The Brotherhood of Dwarves and Red Sky at Dawn are both available for the Kindle at Amazon.com. Both books are listed for the absurdly low price of $2.99 each. You won’t find a better entertainment deal anywhere else!
Tag Archives: ramblings
Friday Afternoon Ramblings
Today is the anniversary of the coldest day on record here in East Tennessee, -24 degrees back in 1985. I remember it vividly because my father and I got stuck in the snow (we had well over a foot, I do believe) about a half mile from our house and had to walk the rest of the way. That’s the coldest I’ve ever been in my life. The walk up and down hills in that snow was strenuous, and my lungs burned from breathing the frigid air. I was 12, so to me it was a big adventure, but I remember my father being gravely worried about our exposure for that long.
The next morning, we left early to open his store, and my grandfather helped get us unstuck. We used a woodstove to heat the store, and before I got the fire going, I remember every surface inside the building being ice cold. Some items in glass jars had busted from freezing, which had never happened before and didn’t happen again for as long as he owned the store. By noon the temp was up to 26 degrees, and Dad pointed out that the temperature had risen 50 degrees and was still below freezing. Remembering that night and morning makes the weather today seem not so bad.
Thursday Afternoon Ramblings
I finally found the time to format both my books for the Kindle. It’s a project that has been idling on my to-do list for two years. When I would think about it, I would be up to my eyebrows in work, and when I had the time, I wouldn’t remember to do it. However, both have been submitted for approval by the Amazon team, so I should know by tomorrow if they’re approved. I’m not 100% satisfied with how they looked on the preview screen because the Kindle strips away most formatting, but hopefully they’ll be legible enough for the average Kindle reader.
It’s fairly obvious that e-books are the future, so I’m going to try to get mine out there in as many formats as possible. Next, I’ll submit them to Lightning Source, my current printer, for them to distribute in their network. I’m hoping that these new outlets will help to get the series wider exposure. With book three nearing release, it would be nice to broaden the audience. My fellow independents can attest, often in this industry, we work and work and work without seeing much in return because making a dent in people’s consciousness has become extraordinarily difficult recently. People are so overwhelmed by commercials and marketing that a lone voice from the independent realm is often lost in the din.
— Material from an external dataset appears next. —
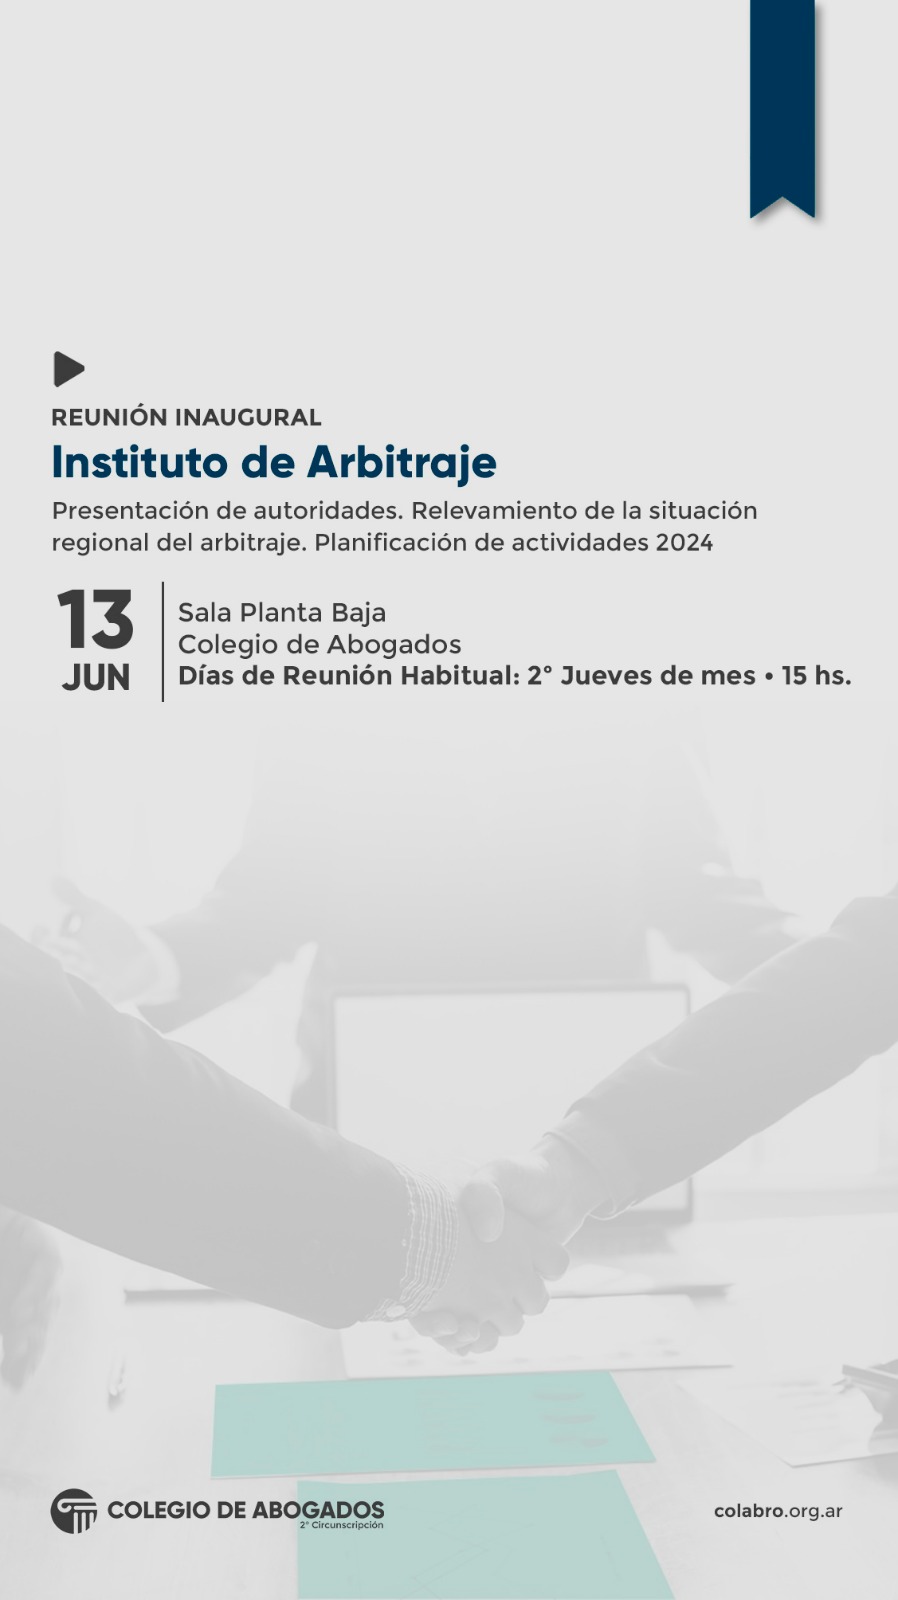 REUNIÓN INAUGURAL DEL INSTITUTO DE ARBITRAJE - 13/06/2024

Yet we still press on, hoping to build an audience and hoping that one day all of this effort and energy will be worth it. Even though we all proclaim that we don’t write for the money, most of us want at least to make our living solely from our writing, and while that doesn’t sound like an unreasonable wish for a novelist, in this country at this time, it often feels like an absurd pipe-dream. Maybe it was always this tough, and I just had unrealistic expectations. Country musicians used to call it “The long, hard road” to success, and maybe writing has always been this difficult to break into. All I know is that I’ve gotten a tremendous amount of positive feedback on my books, but to the large presses, I’m not up to par. Either my readers are fluffing my ego or the editors are out of touch. Either way, I’ll press on, writing a series that lives up to my standards and promoting as much as I can.